Lors d’une réunion à Kinshasa ce lundi 05 février 2024, le Conseil Supérieur de la Défense de la République Démocratique du Congo (RDC) présidée par le chef de l’État, Félix Antoine Tshisekedi Tshilombo, et qui a rassemblé les membres du gouvernement, un appel pressant a été émis en faveur de la levée du moratoire sur la peine capitale, spécifiquement pour les affaires de trahison au sein des Forces de Défense et de Sécurité. Cela après que la peine de mort ait été suspendue depuis 2003.
Le moratoire ou suspension temporaire de l’application de la peine de mort, avait été adopté en 2003 par souci du caractère sacré de la vie. Ainsi, depuis 2003, la peine de mort n’a plus été appliquée en RDC bien que les tribunaux congolais continuent toujours à prononcer la condamnation à mort. De ce fait, actuellement la peine capitale est automatiquement commuée en peine de prison à vie.
Il est donc à noter que la RDC est abolitionniste de facto, ce qui signifie qu’elle n’a pas officiellement aboli la peine de mort, mais qu’elle ne l’applique plus en pratique. La dernière exécution a eu lieu en 2003, et depuis lors, aucune autre n’a été réalisée.
Donc, bien que la peine de mort soit toujours inscrite dans la législation congolaise, elle n’est plus appliquée en pratique, et la tendance est vers l’abolition complète.
Les motivations d’un moratoire
En abolissant explicitement la peine de mort, la RDC s’est pliée à certaines exigences morales et des contraintes de droit de l’Homme. Certaines personnes estiment que la peine de mort viole les droits les plus fondamentaux de l’être humain à savoir: le droit à la vie et le droit de ne pas être soumis à des peines ou traitements cruels, inhumains ou dégradants. La Constitution congolaise en vigueur sacralise ce droit dans son article 16 ainsi que dans l’article 61 qui prohibe toute dérogation à ce droit, même en cas d’état de siège ou d’urgence. Malgré ces articles et un moratoire de fait que connaît la République démocratique du Congo (RDC) depuis 2003, la peine de mort est toujours présente dans la législation nationale. Entre 2016 et 2018, au moins 155 personnes ont été condamnées à cette peine, amenant à plus de 500 le nombre de condamnés à mort. Elles sont principalement prononcées pour association de malfaiteurs, meurtre ou assassinat, vol à main armée ou encore participation à un mouvement insurrectionnel.

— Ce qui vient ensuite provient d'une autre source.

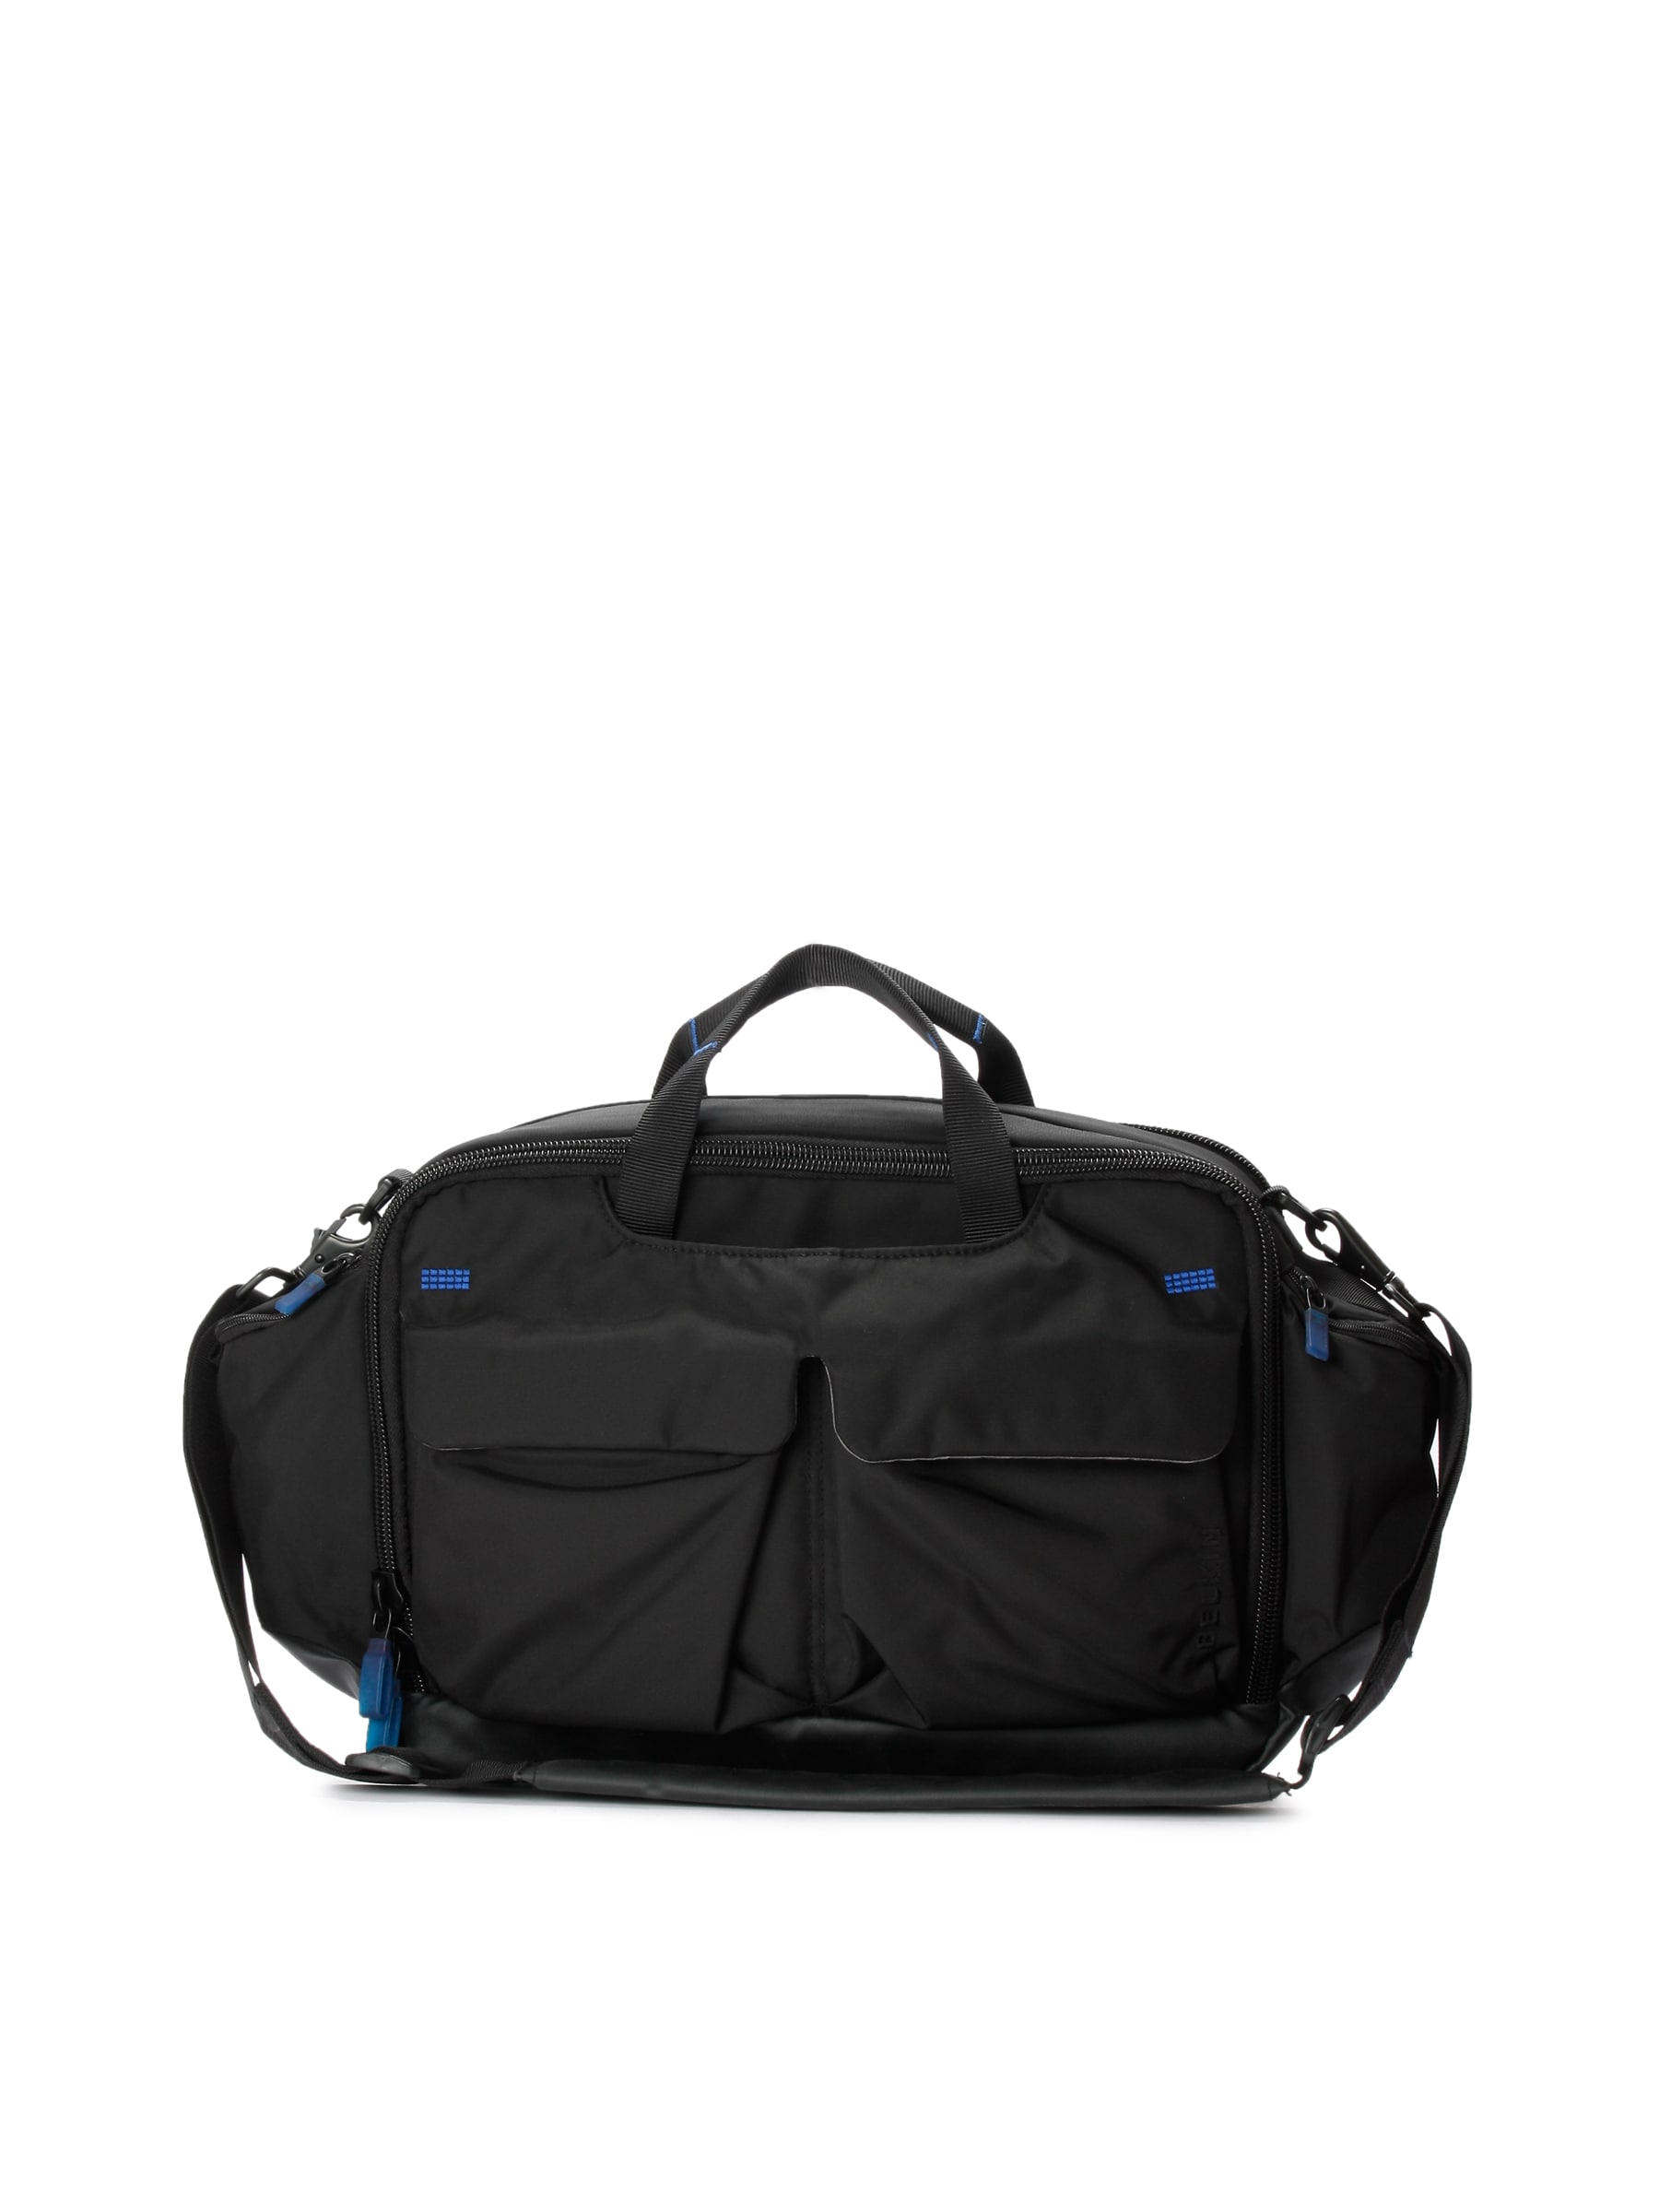 Belkin Unisex Move Toploader Black Laptop Bag

Pour les autorités congolaises, le maintien de cette peine se justifie jusqu’à présent par le très haut niveau d’insécurité dans l’est du pays. En effet, les divers massacres que d’aucuns qualifient de crimes de guerre et de crimes contre l’humanité, y sont fréquents. C’est à ce titre, et à des supposées fins dissuasives, que les tribunaux militaires condamnent à mort, entre autres, les membres des milices.
Il sied néanmoins de considérer le fait que le droit international n’est pas favorable à la peine de mort, quelles que soient les circonstances. Le Statut de Rome de la Cour pénale internationale de 1998, que la RDC a ratifié, prévoit, dans son article 77, la servitude pénale de trente ans au plus ou à perpétuité pour les crimes de guerre, crimes contre l’humanité et génocide.

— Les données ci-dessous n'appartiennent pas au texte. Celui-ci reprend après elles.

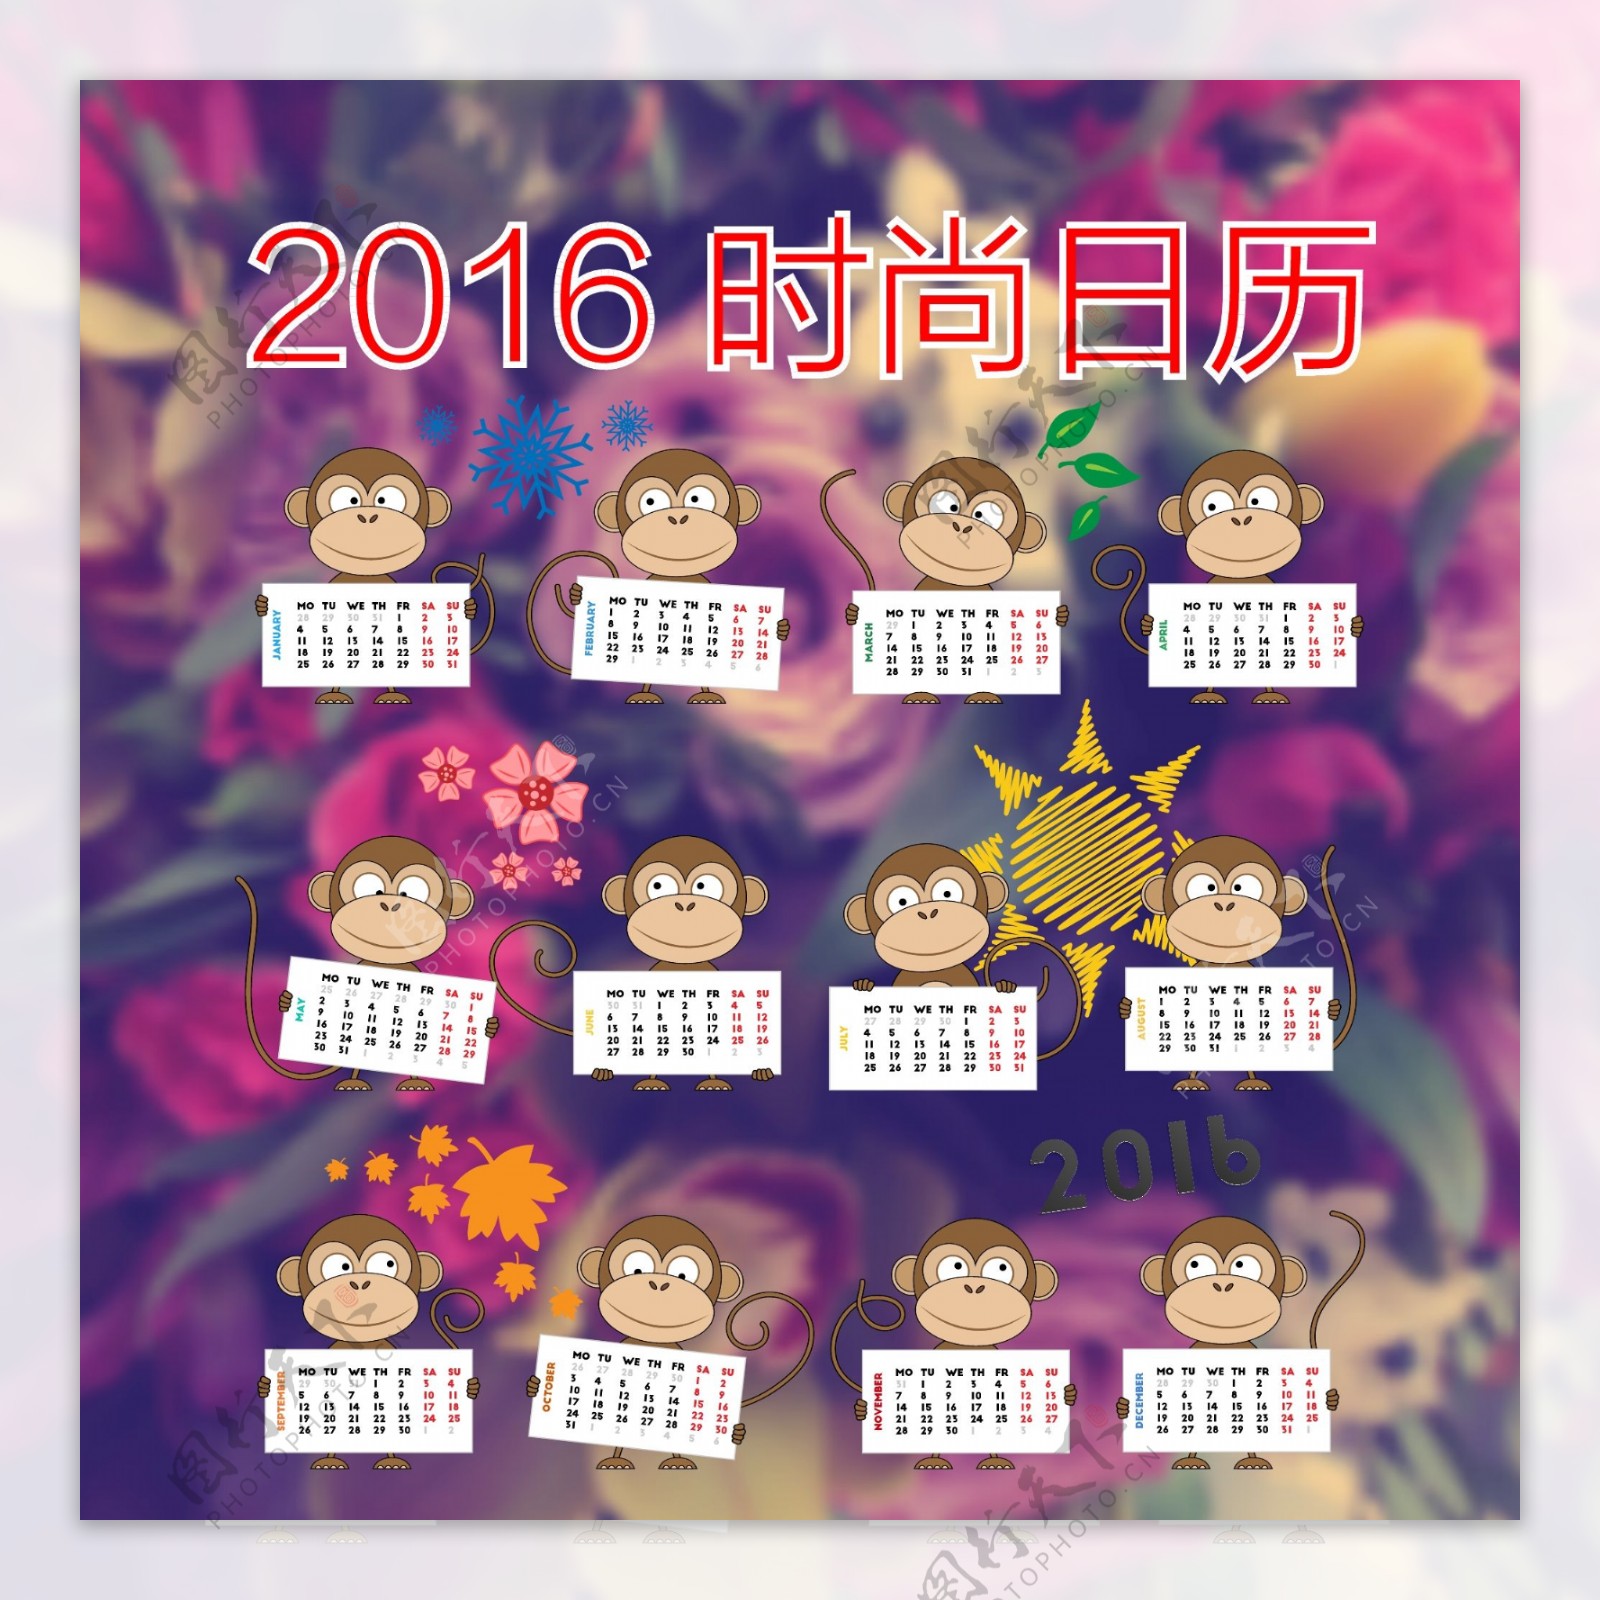 2016时尚猴子日历

L’abolition de la peine de mort est donc en progression constante depuis de nombreuses années, si bien qu’à ce jour une très grande majorité de pays ont aboli la peine capitale en droit (114 pays) ou en pratique (34), ce qui représente les trois quarts des pays dans le monde. Avec 22 Etats ayant aboli la peine de mort, l’Afrique connaît une évolution sans précédent depuis 2009 et se présente comme le prochain continent abolitionniste. En outre, 90 % des 29 membres africains de l’Organisation internationale de la Francophonie (OIF) et 83 % des Etats africains membres du Commonwealth sont en situation de moratoire ou sont abolitionnistes. En Afrique centrale, 7 Etats sont abolitionnistes, 5 en moratoire de fait (dont la RDC) et 1 seul reste toujours rétentionniste. Une minorité de pays africains, principalement en Afrique de l’Est, maintiennent encore la peine capitale et l’appliquent.